А вечер проходит потихоньку, такой мурлыкающий вечер. Клара нарезает мясо для Жереми, Тереза прилепилась к видику и раз за разом прокручивает похороны Ум Кальсум, Малыш посвящает Джулиуса в ритуал чая с мятой, а старый Амар в сотый раз рассказывает о том, что его ресторан скоро будет снесен, согласно плану строительства Нью-Бельвиля.
– Мне обидно за тебя, Амар.
– Почему, сын мой? Отдохнуть – это так приятно!
И снова принимается рассказывать, как он воспользуется заслуженным отдыхом, чтобы полечить свой ревматизм: поедет на юг, в Сахару, и будет там закапываться в горячий песок. (Картинка: белая голова Амара, торчащая из песка посреди пустыни…)

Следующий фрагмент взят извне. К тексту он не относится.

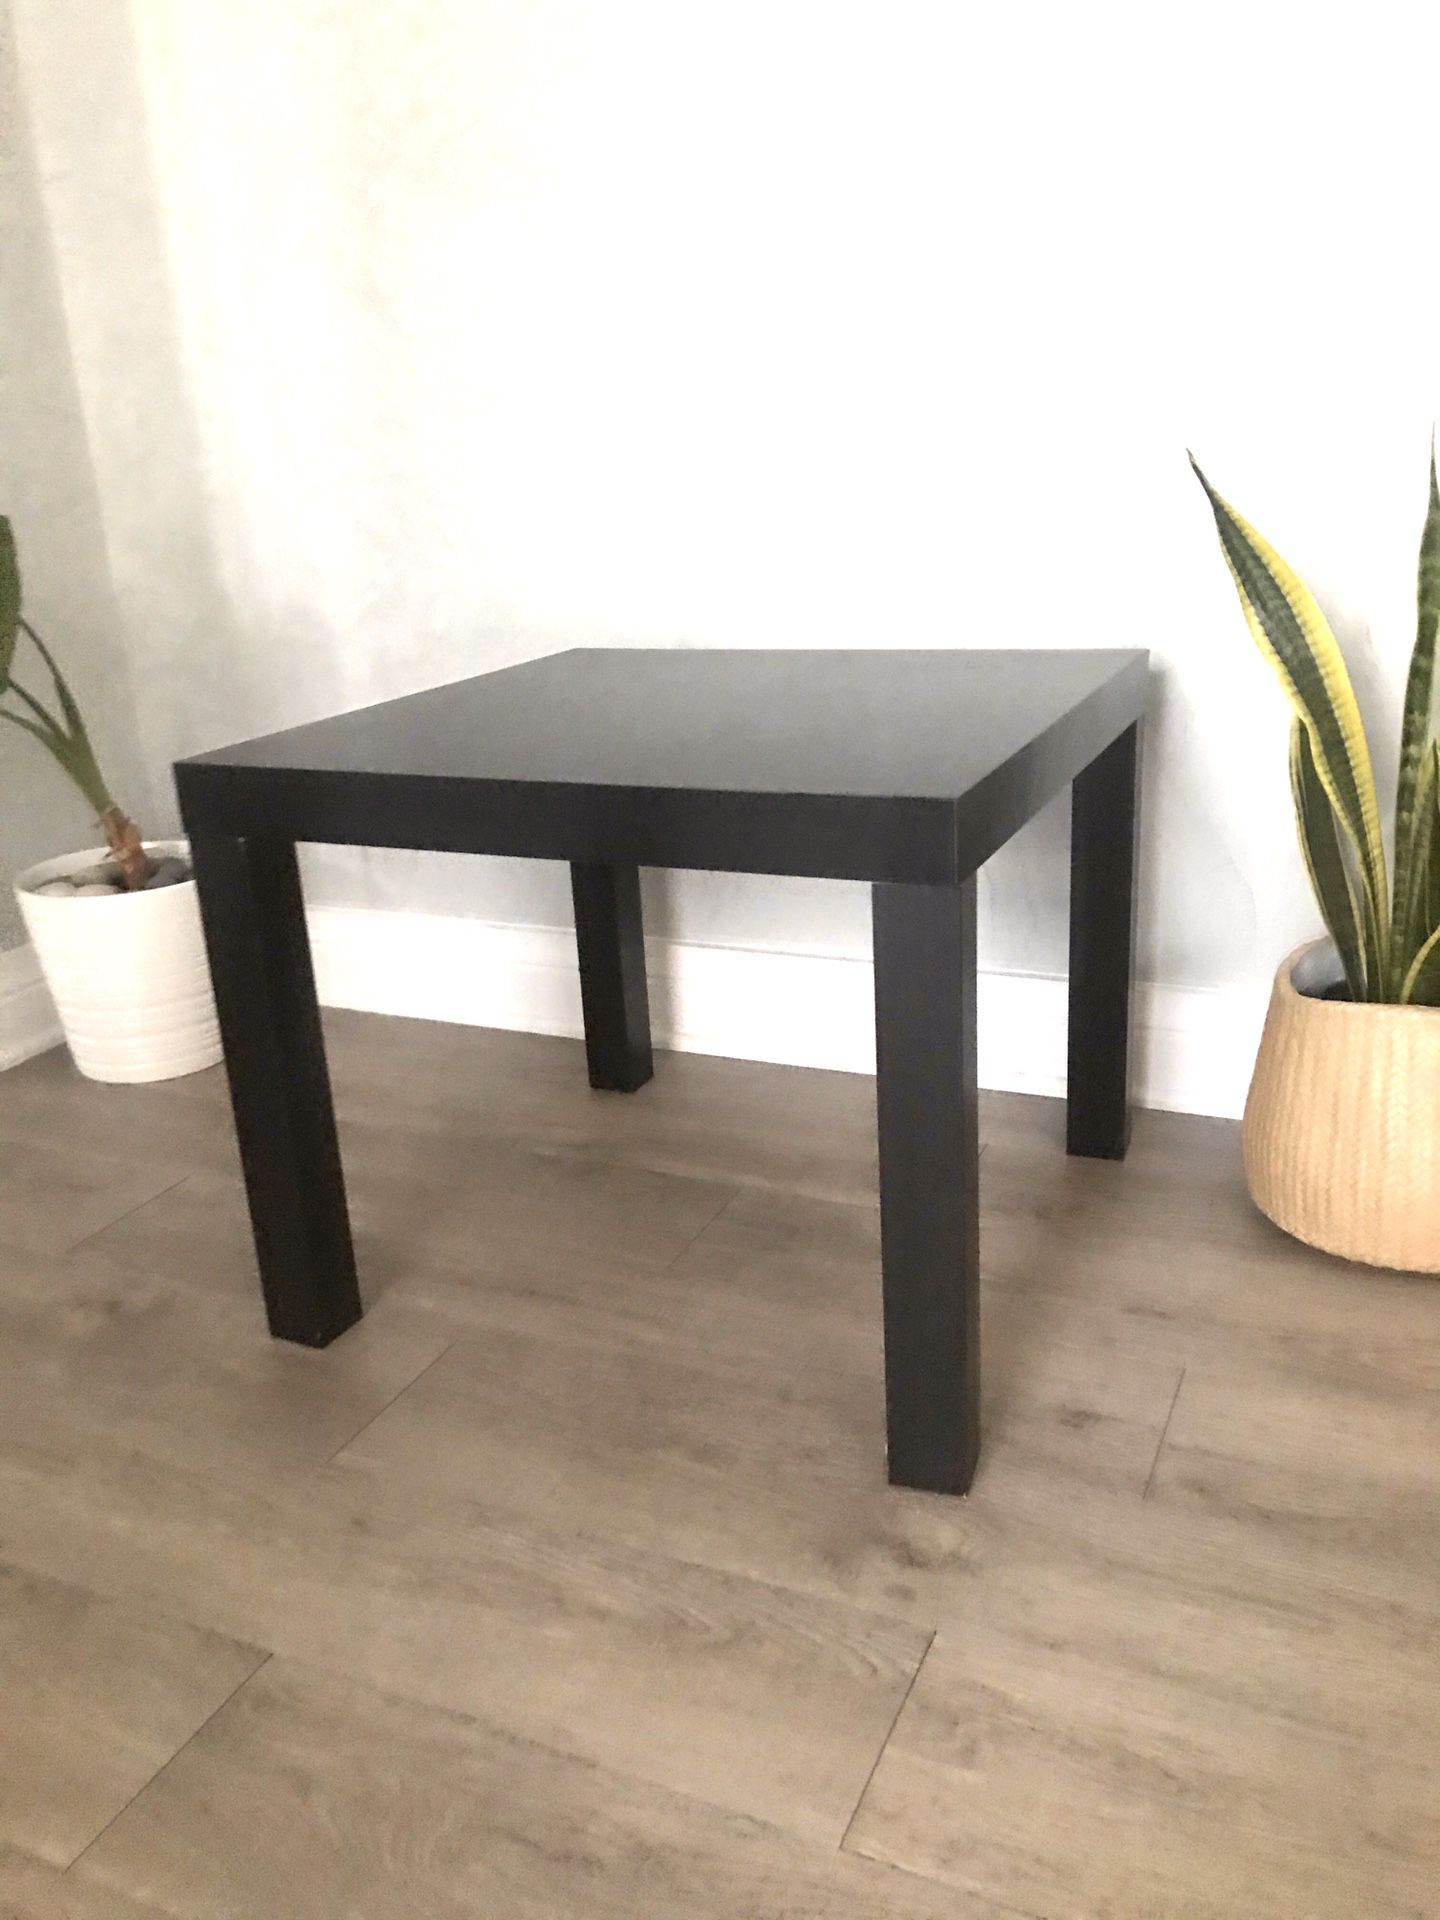 End & Side Table L21.5/W21.5/H18 $25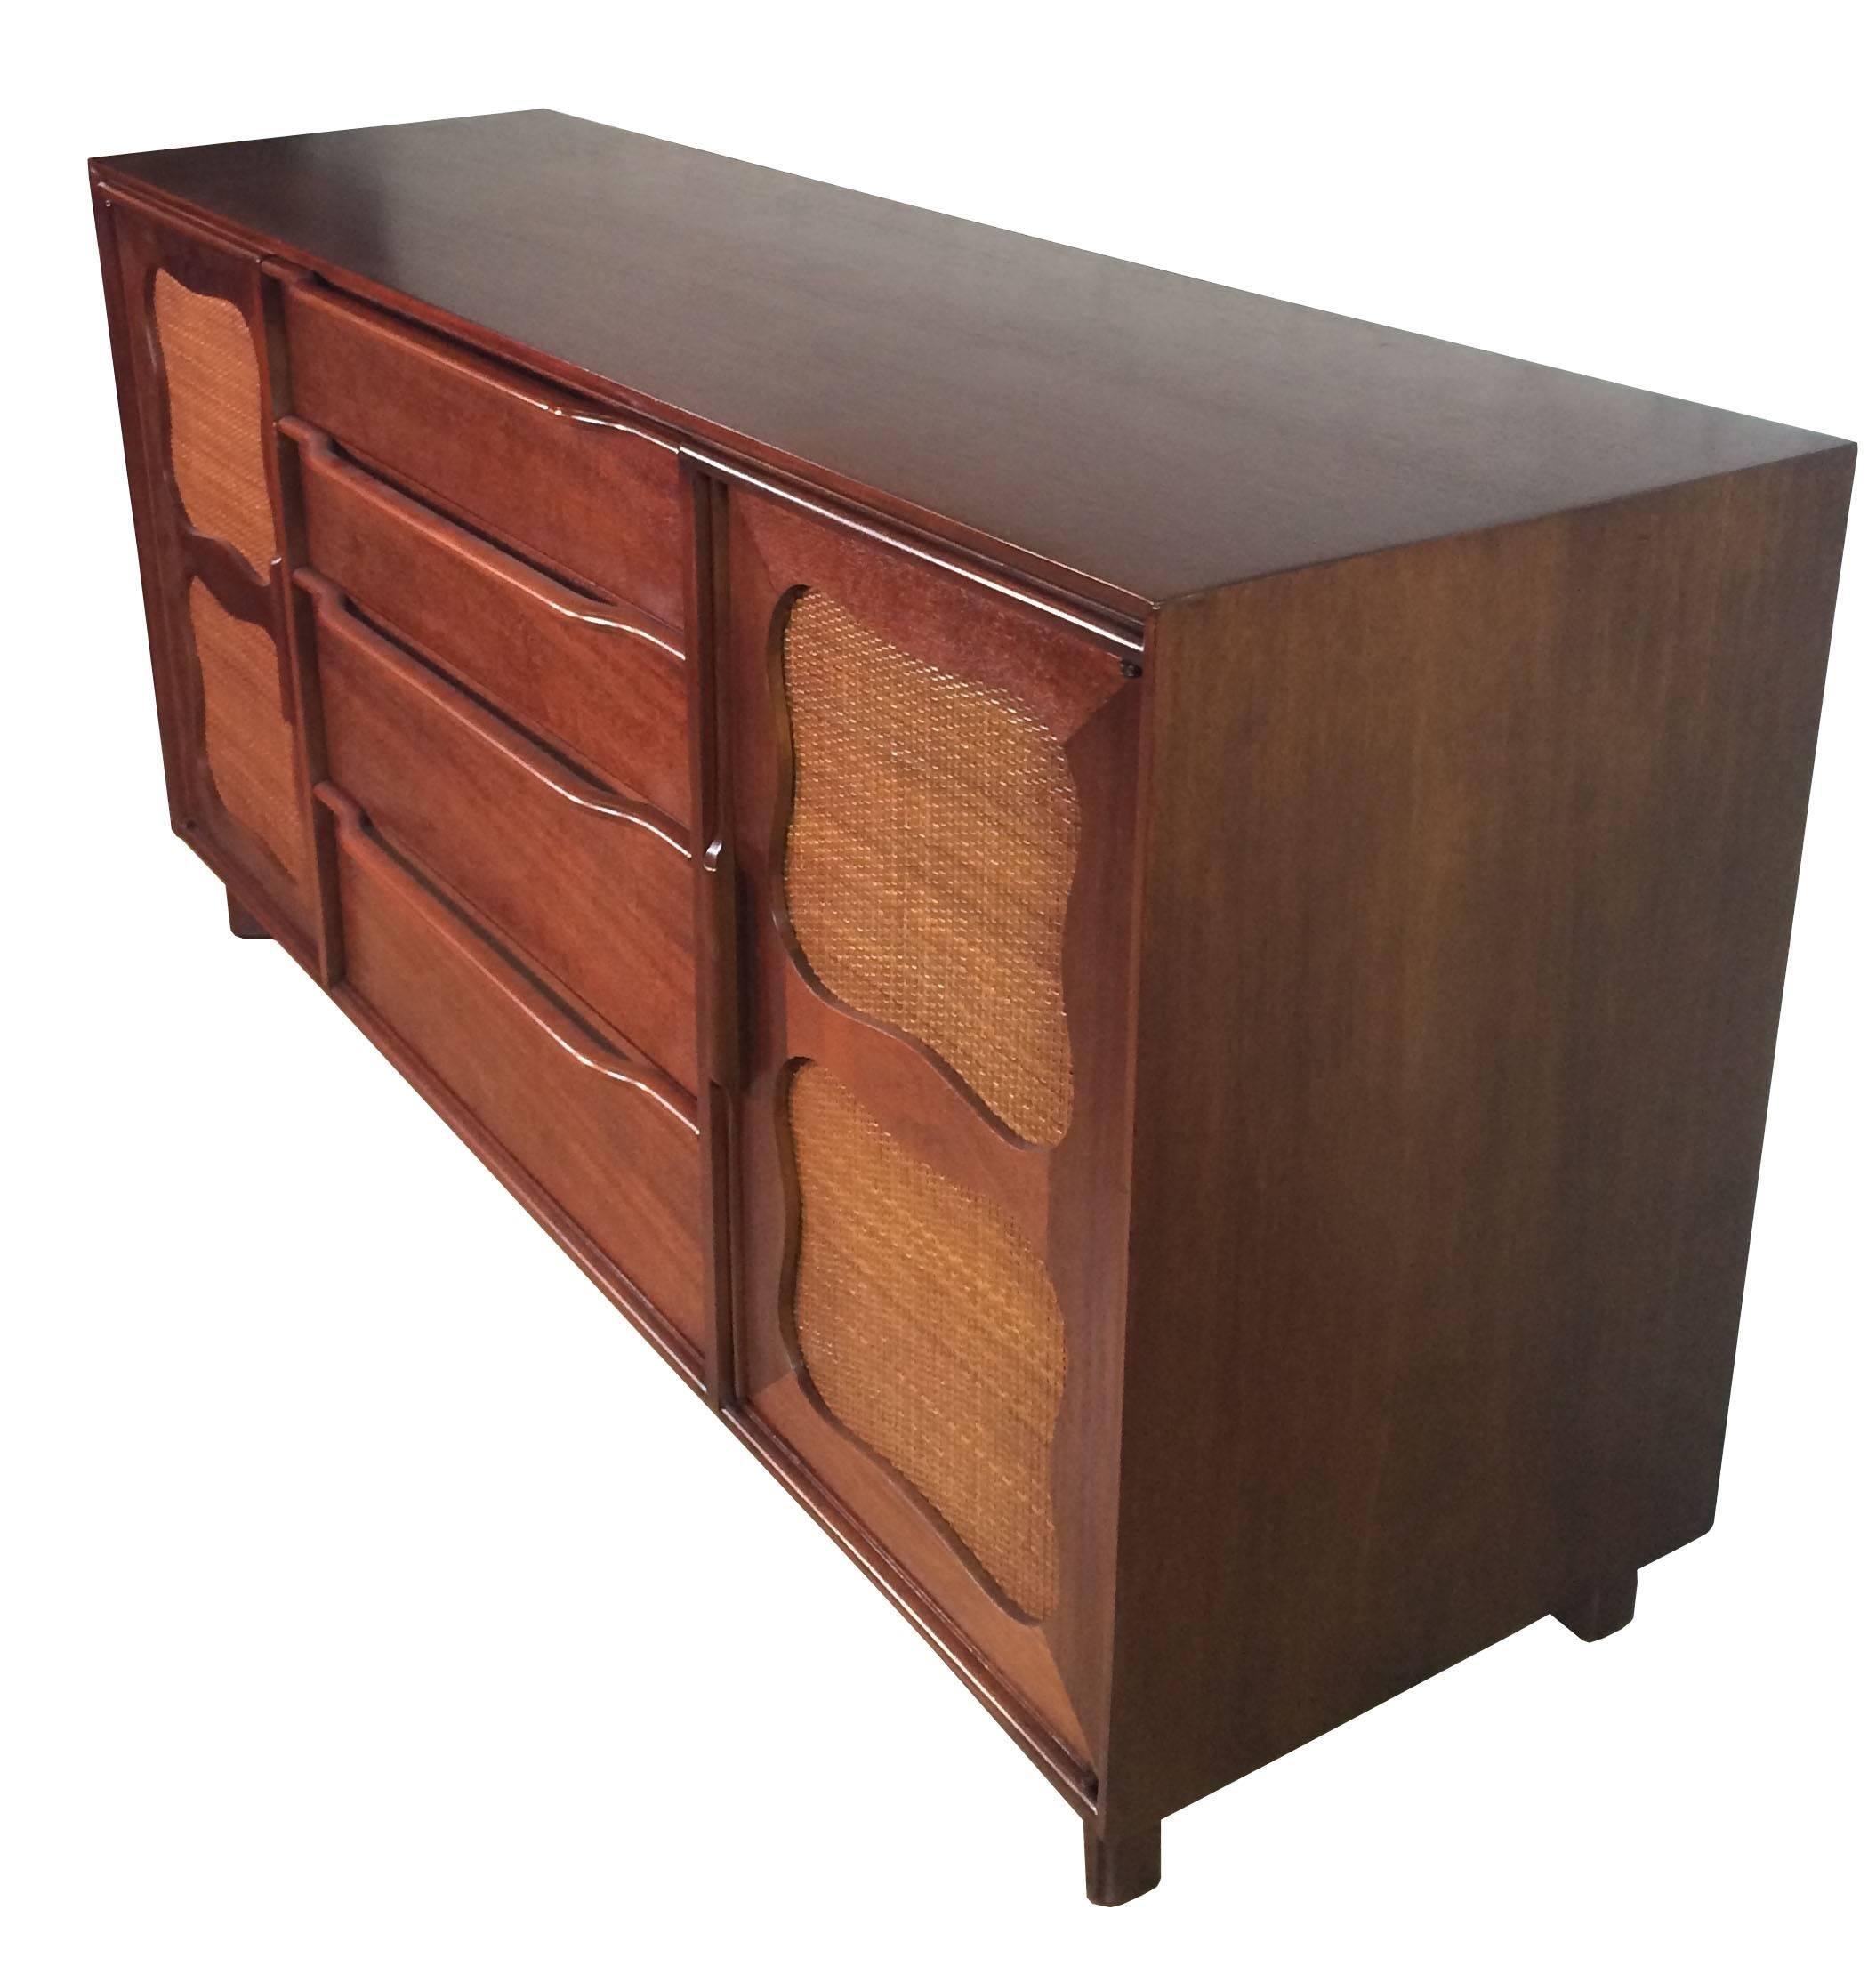 Mid-century, mahogany credenza / sideboard / server by Hickory Manufacturing Company with 4 center drawers, top one has 5 felted compartments, and 2 side doors with decorative rattan details with shelves inside and matching sculpted handles and legs

И уже в самом конце вечера, когда вусмерть пьяный Лоран заснул, уронив голову в тарелку, Жереми и Малыш свернулись клубком под боком у Джулиуса, Тео давно исчез с Хадушем, Тереза почти довела себя до мистического экстаза, а рука Джулии возвещает приближение последнего и решительного боя, Клара, моя любимица Клара торжественно объявляет:
– Бенжамен, у меня сюрприз для тебя.
36
Обещанный сюрприз (я как-то не уверен, что все еще люблю сюрпризы) реализовался в форме телеграммы из одного очень престижного парижского издательства (не называю его специально, чтобы они вцепились друг другу в глотку). Телеграмма сформулирована предельно, почти угрожающе кратко:
"ВЕСЬМА ЗАИНТЕРЕСОВАНЫ, СРОЧНО ЗАЙДИТЕ".
Не скрою, приятно узнать, что ты, сам того не подозревая, гений. Радостно думать, что из многомесячной бессвязной болтовни, адресованной кучке страдающих бессонницей ребят и псу-эпилептику, перепечатанной не знающей сомнений машинисткой и посланной в издательство без ведома автора, получилось что-то такое, от чего у закаленного в боях дракона издательского дела слюнки потекли.
Так я думал сегодня утром, просыпаясь. Так я думал в метро. Так я продолжаю думать и теперь, ошиваясь в этом огромном – кабинете? салоне? конференц-зале, спортзале? – где красновато-коричневые панели эпохи Регентства сожительствуют с геометрическими линиями суперсовременной мебели. Алюминий и лепнина, динамизм и традиция; контора, вскормленная прошлым, которая успешно сожрет и будущее. Так что с издательством мне скорее повезло.
Подчеркнутая любезность пижона, который принял меня, подтверждает мою уверенность, что они ждут меня, затаив дыхание. Должно быть, с момента отправки телеграммы здесь никто не сомкнул глаз! Нечто, витающее в воздухе, подсказывает, что без меня они не мыслят своего существования.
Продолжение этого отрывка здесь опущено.